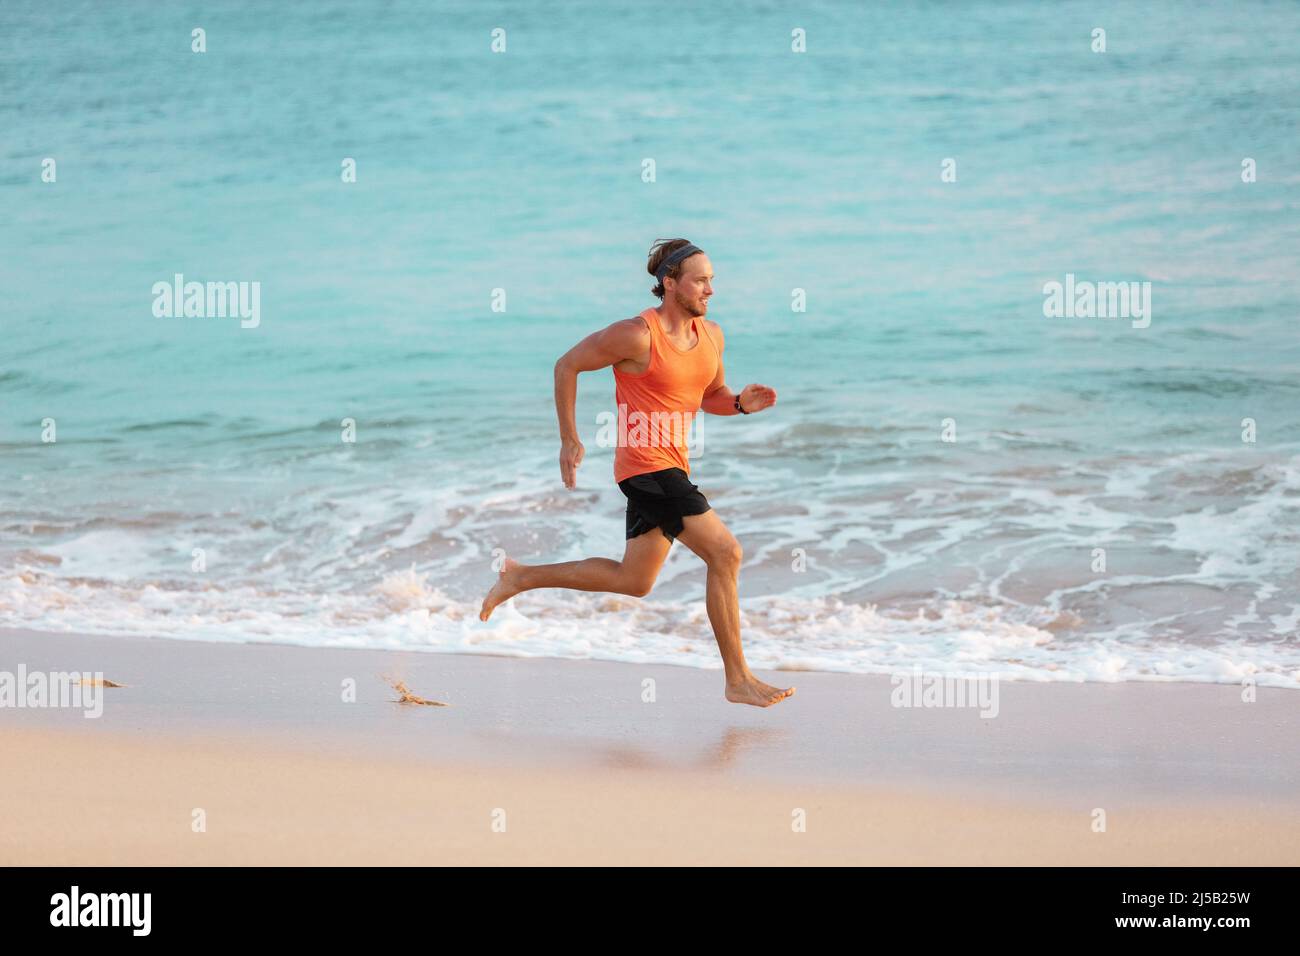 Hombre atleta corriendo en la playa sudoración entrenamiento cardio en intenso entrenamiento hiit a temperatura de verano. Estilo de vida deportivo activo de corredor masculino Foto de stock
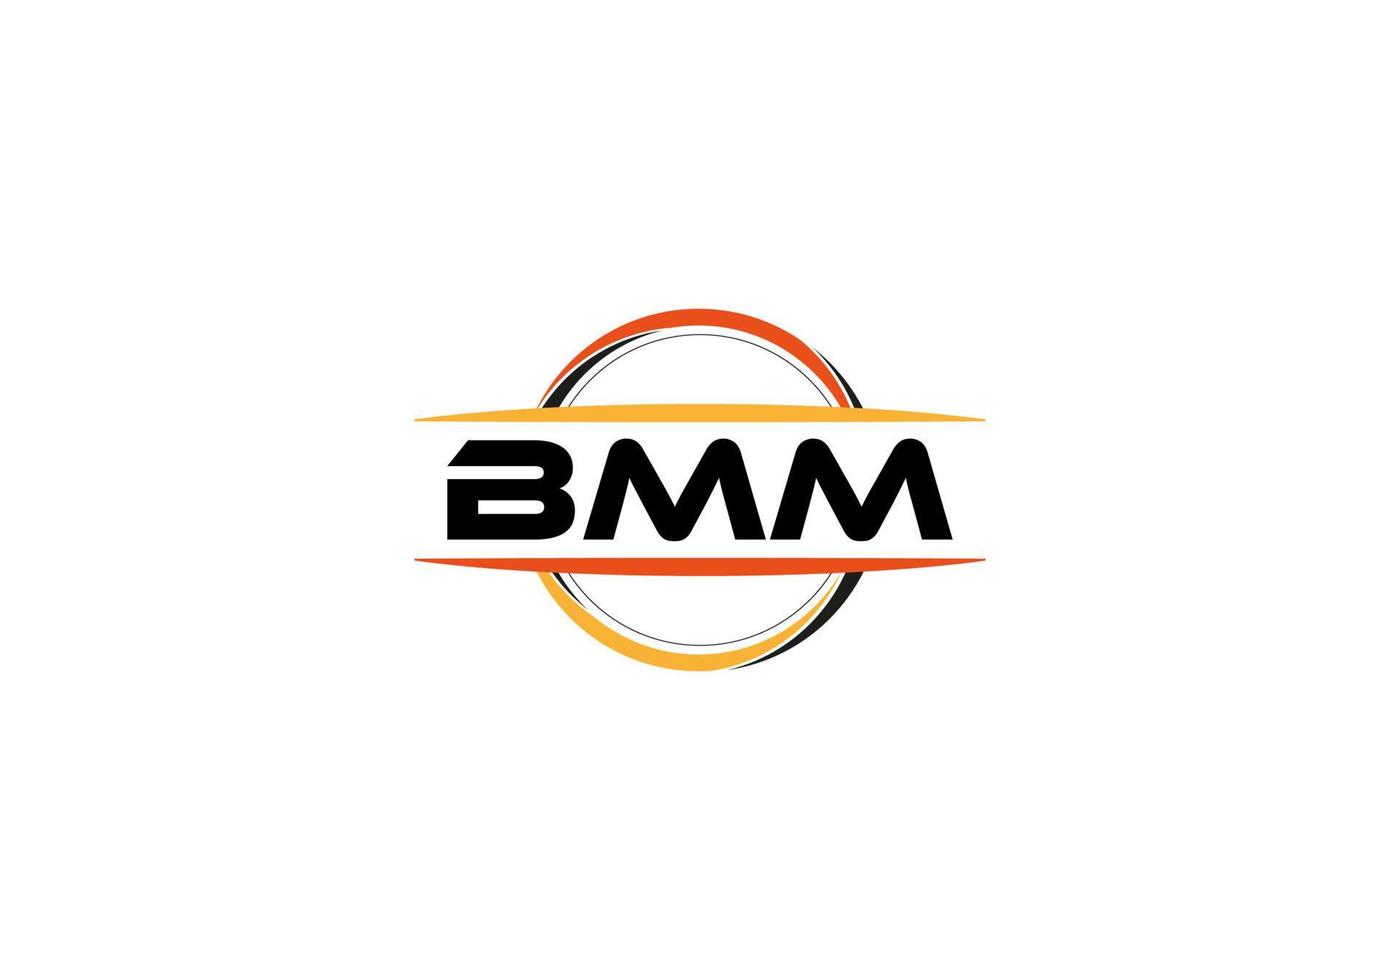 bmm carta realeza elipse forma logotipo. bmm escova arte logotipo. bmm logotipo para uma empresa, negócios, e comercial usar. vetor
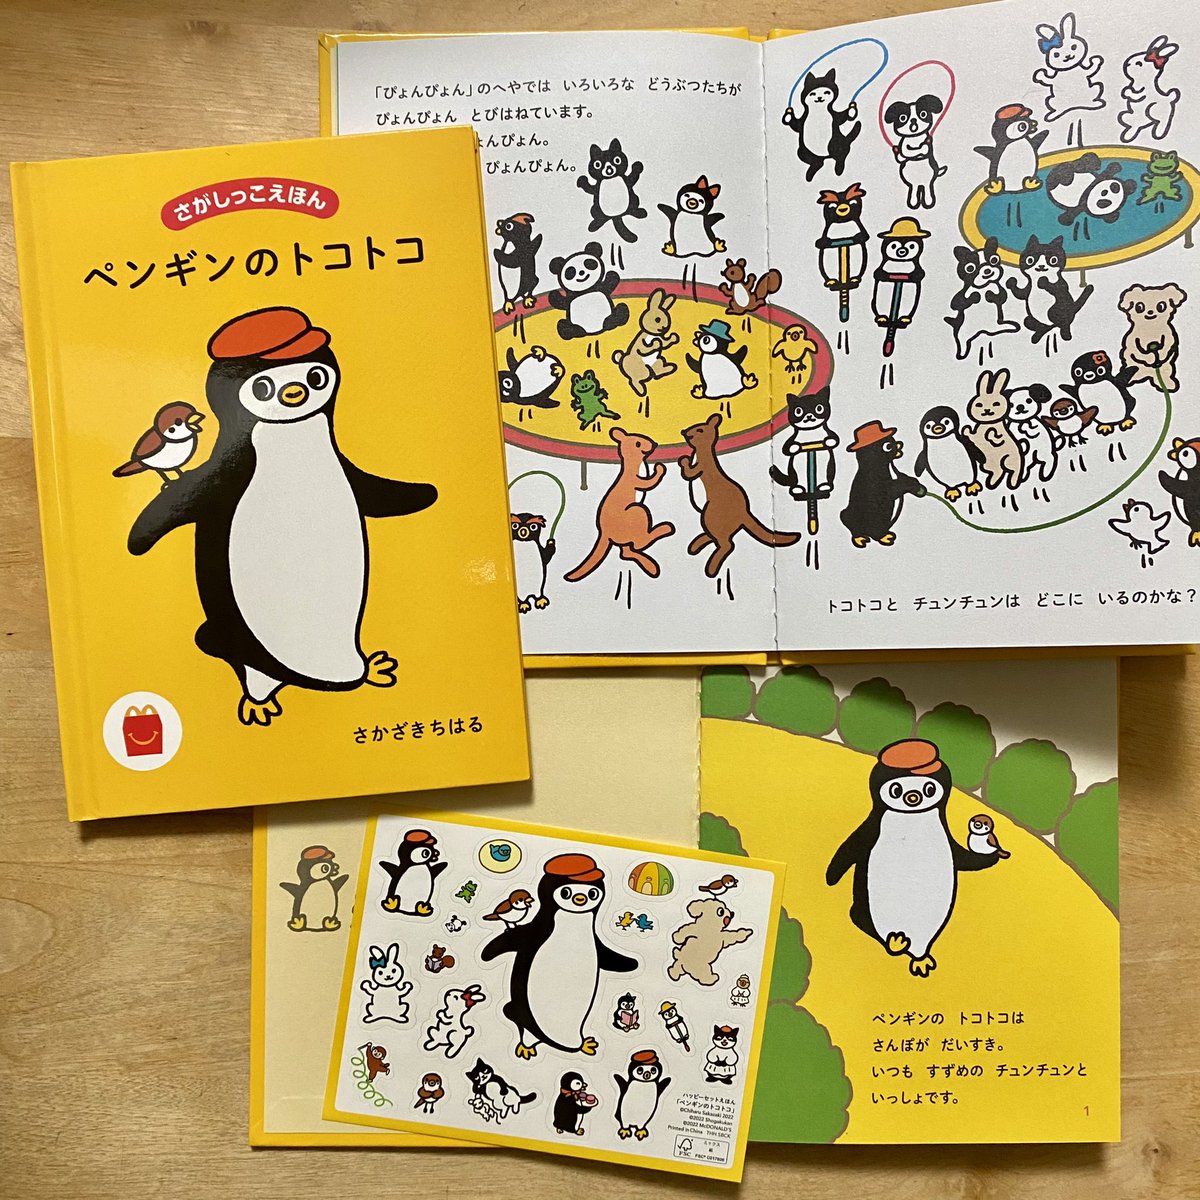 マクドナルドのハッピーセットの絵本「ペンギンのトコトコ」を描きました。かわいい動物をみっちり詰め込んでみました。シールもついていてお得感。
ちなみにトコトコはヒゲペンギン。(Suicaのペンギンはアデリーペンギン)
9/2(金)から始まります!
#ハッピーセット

==

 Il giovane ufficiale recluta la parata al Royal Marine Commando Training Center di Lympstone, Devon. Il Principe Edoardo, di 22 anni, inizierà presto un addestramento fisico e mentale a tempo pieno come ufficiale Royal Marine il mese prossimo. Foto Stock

REQUIRED ACTION ->
Within the data above, repeat exactly the lines from the one bearing "Hombre atleta corriendo" through the one bearing "bmm carta realeza". Include no pictures and nothing else.

WRITTEN RESPONSE ->
 Hombre atleta corriendo en la playa sudoración entrenamiento cardio en intenso entrenamiento hiit a temperatura de verano. Estilo de vida deportivo activo de corredor masculino Foto de stock
 bmm carta realeza elipse forma logotipo. bmm escova arte logotipo. bmm logotipo para uma empresa, negócios, e comercial usar. vetor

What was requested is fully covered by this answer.